2.3.3. PromethION oxford nanopore sequencing
The PromethION libraries were prepared by the contracted service provider (Custom Sciences) with ~50 µg of nuclear genomic DNA preparation described above. Here, four libraries were made generating a total of 176,417,984,645 read bases.
2.4. Genome assembly and assessment
2.4.1. Initial quality assessment and subset generation of oxford nanopore reads
All data sets were base called using guppy flip flop software package (Appendix S1) and quality assessed using the fastqc raw reads for quality assessment. To understand the impact of data volume and coverage on ONT assembly, read subsetting was carried out using the porechop software package. The data were subsampled by read length into four read subsamples: >5‐kb reads only (52×), >10‐kb reads only (50×), >22‐kb reads only (33×) and >30 kb (23×) reads only. These values were selected in order to retain sufficient sequencing depth within each subset.
2.4.2. Oxford nanopore assembly
Five long‐read assemblers were used: canu, fyle, wtd, shasta and necat (for parameters and versions used see Appendix S1). In order to further understand the effects of polishing strategies on assembly accuracy, combinations of polishings methods were examined and haplotigs were purged. These include general polishing strategies: racon with four rounds (RX4) of polishing only, racon with eight rounds of polishing both before (RX8) and after pilon (RX8_SR) polishing and haplotig purging (RX8_SR_PH). A sequencer‐specific strategy alone was also included: medaka only (M) polishing, as well as combined polishing approaches: medaka with four iterations of racon polishing both with (M_RX4) and without pilon polishing (M_RX4_SR) and haplotig purging (M_RX4_SR_PH). Each assembly was initially quality checked using quast, busco and LAI.
2.4.3. Hi‐C mapping
The Hi‐C data set was filtered using the Phase Genomics filtration guidelines (https://phasegenomics.github.io/2019/09/19/hic‐alignment‐and‐qc.html). The data successfully passed all quality assessment analysis requiring no additional filtration. The data were mapped to each generated ONT contig set using bwa mem and scaffolding was carried out by salsa2 and allhic (see Appendix S1 for parameters and versions used).
2.4.4. Hi‐C assembly quantitative quality assessment
Each Hi‐C assembly kmer spectrum profile was assessed through meryl and consensus accuracy and completeness were analysed using the merqury toolkit. Map back rates were also used to assess the quality of each assembly using samtools (Cock et al., 2015) flagstat statistics (see Appendix S1 for parameters used). All assemblies were additionally compared using the LAI index which assesses the LTR repeat completeness of plant genomes specifically. On top of this, assemblies were compared through quast (Gurevich et al., 2013) and gene completeness examined through a busco (embryophyta_obd9) identification of complete single copy, duplicated, fragmented and missing genes. Additionally, we used contact map manual inspection by pretextmap and pretextview (https://github.com/wtsi‐hpag/PretextView).

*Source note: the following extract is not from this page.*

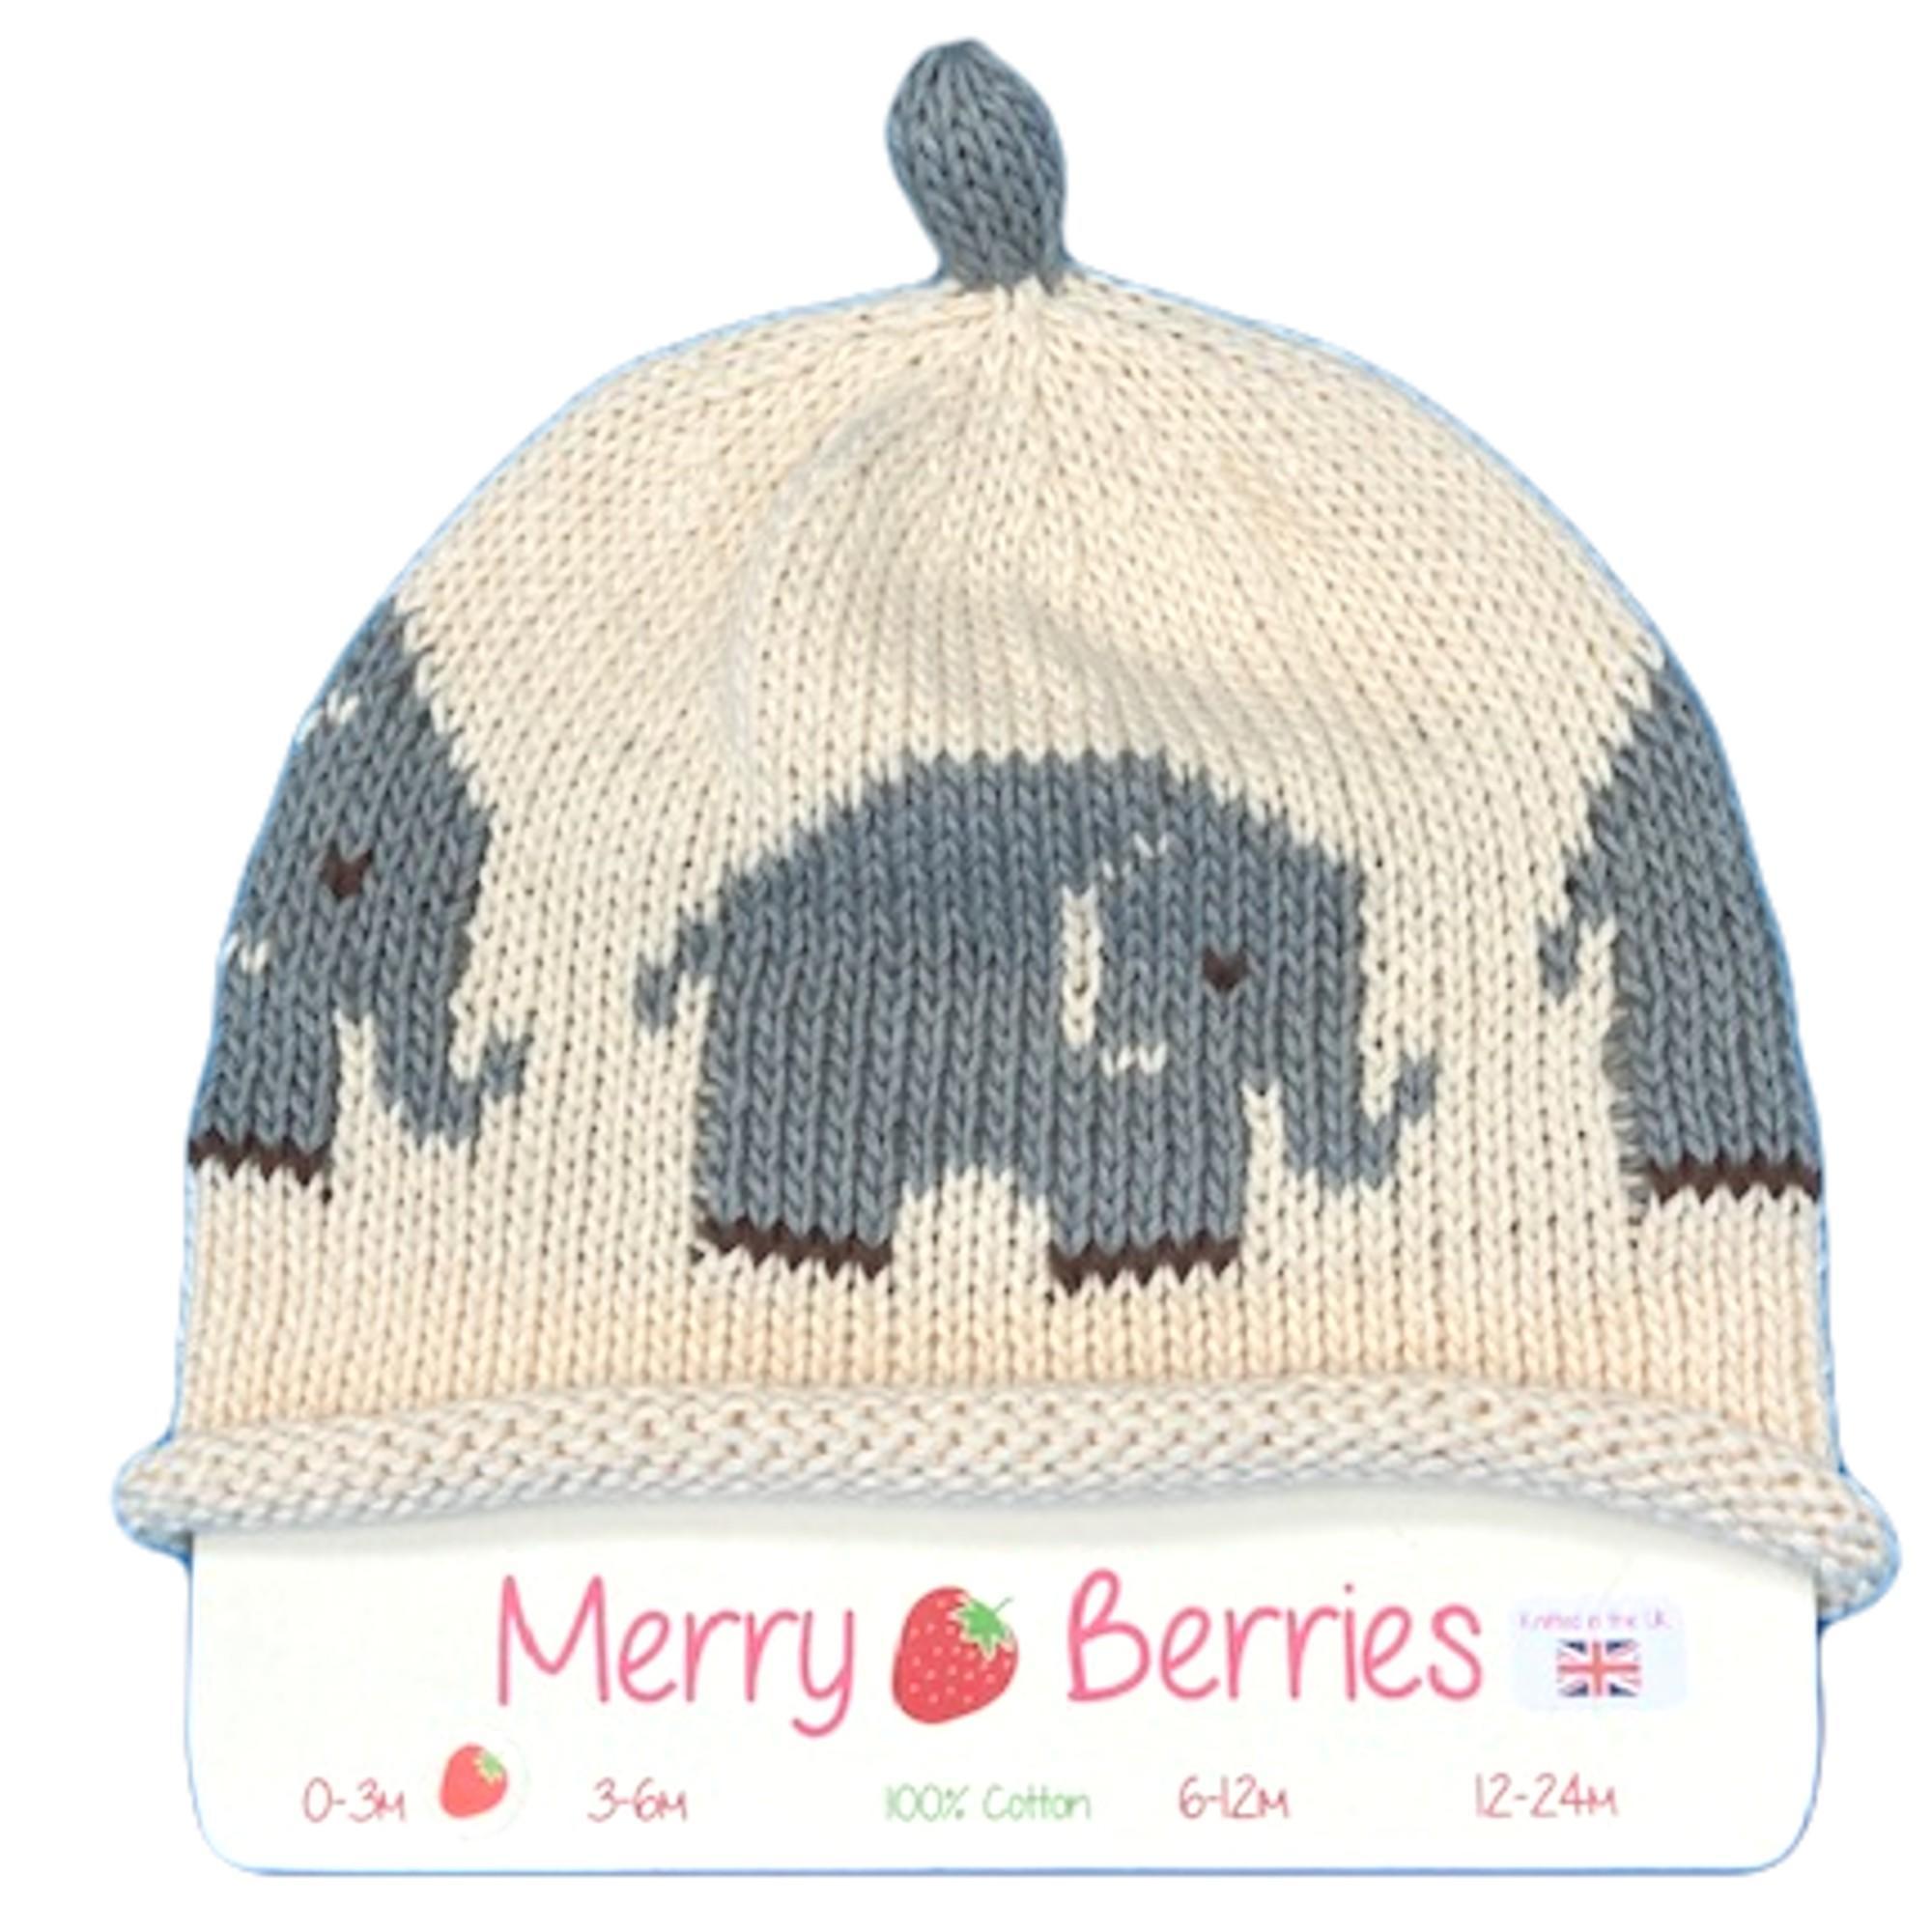 Merry Berries- Grey Elephant Knitted Baby Hat- 0-24 Months- Cotton

2.4.5. Utilization of Macadamia linkage maps for QC
Nine linkage maps accompanying 64‐bp DartSeq reads were downloaded from the Southern Cross University data repository (http://dx.doi.org/10.25918/5dc2589924ca2). These reads were aligned using blastn to three Hi‐C assemblies (the best assemblies selected based on quantitative assembly accuracy metrics) and only unique hits of >90% identity were used. These markers were mapped to each assembly using allmaps (Tang et al., 2015a) (see Appendix S1 for versions and parameters).
2.5. Computational resources
The majority of analyses were carried out on the New Zealand eScience Infrastructure high‐performance computer on the Mahuika partition. The Mahuika partition consists of a Cray CS400 Cluster High Performance Computer with 8,424 × 2.1‐GHz Intel Broadwell cores and 30 Tb of memory along with IBM ESS Disk and SSD storage. For computational efficiency each assembly was run using minimal requirements (See Appendix S1). canu assemblies were performed at the University of Otago's Biochemistry Servers, which have 1 Tb of memory, and 8× Intel(R) Xeon(R) CPU E7‐8860 v4 with 18 cores each, and two threads per core.
3. RESULTS
3.1. Sequencing data
In total, 2.3 million ONT sequencing reads were obtained totalling 52.5 Gbp of data and with a read N50 of 28 kbp. Table 1 indicates the initial summary read statistics for the ONT data. The significance of base‐calling was assessed both before and after base‐calling using minion QC (Lanfear et al., 2019) (Appendix S2). A significant increase in overall Q score was achieved and specifically for longer read lengths. Hi‐C data produced from the Phase Genomics kit and Illumina PE sequencing yielded 443 million reads in total (67 Gb of data). Short read WGS data were obtained and consisted of 407 million PE Illumina reads. Through kmer counting (k = 21) by the genomescope software (Ranallo‐Benavidez et al., 2020) a genome size of 0.95 Gb and heterozygosity of 0.1%–1.0% was estimated.
TABLE 1.
Basic statistics of Oxford Nanopore Technologies sequencing data for Knightia excelsa
| Statistics | Knightia exselsa |
|---|---|
| Total number of sequences | 2,314,274 |
| Total length | 52,588 Mb |
| Longest sequence | 229 kb |
| Shortest sequence | 55 b |
| Mean length | 22 kb |
| Median length | 19 kb |
| N10 | 53 kb |
| N50 | 28 kb |
| N90 | 13 kb |
3.2. In‐depth critique of ONT assembler performance and exploration of the impact of iterative polishing
An assessment of the performance of five long read assemblers, necat, canu, shasta, fyle and wtd, was carried out and initial contig sets generated. ONT data were then split into four subsamples based on read length: >5 kb, >10 kb, >22 kb, >30 kb. Assembly performance was compared across these subsamples to assess how read length might affect the performance of individual long‐read assemblers. Furthermore, ONT assemblies were generated using all available ONT data (All_Data) to facilitate the optimal high‐quality Rewarewa genome assembly. For the purposes of initial comparisons all assemblies generated both by read length subsamples and by All_Data will be compared.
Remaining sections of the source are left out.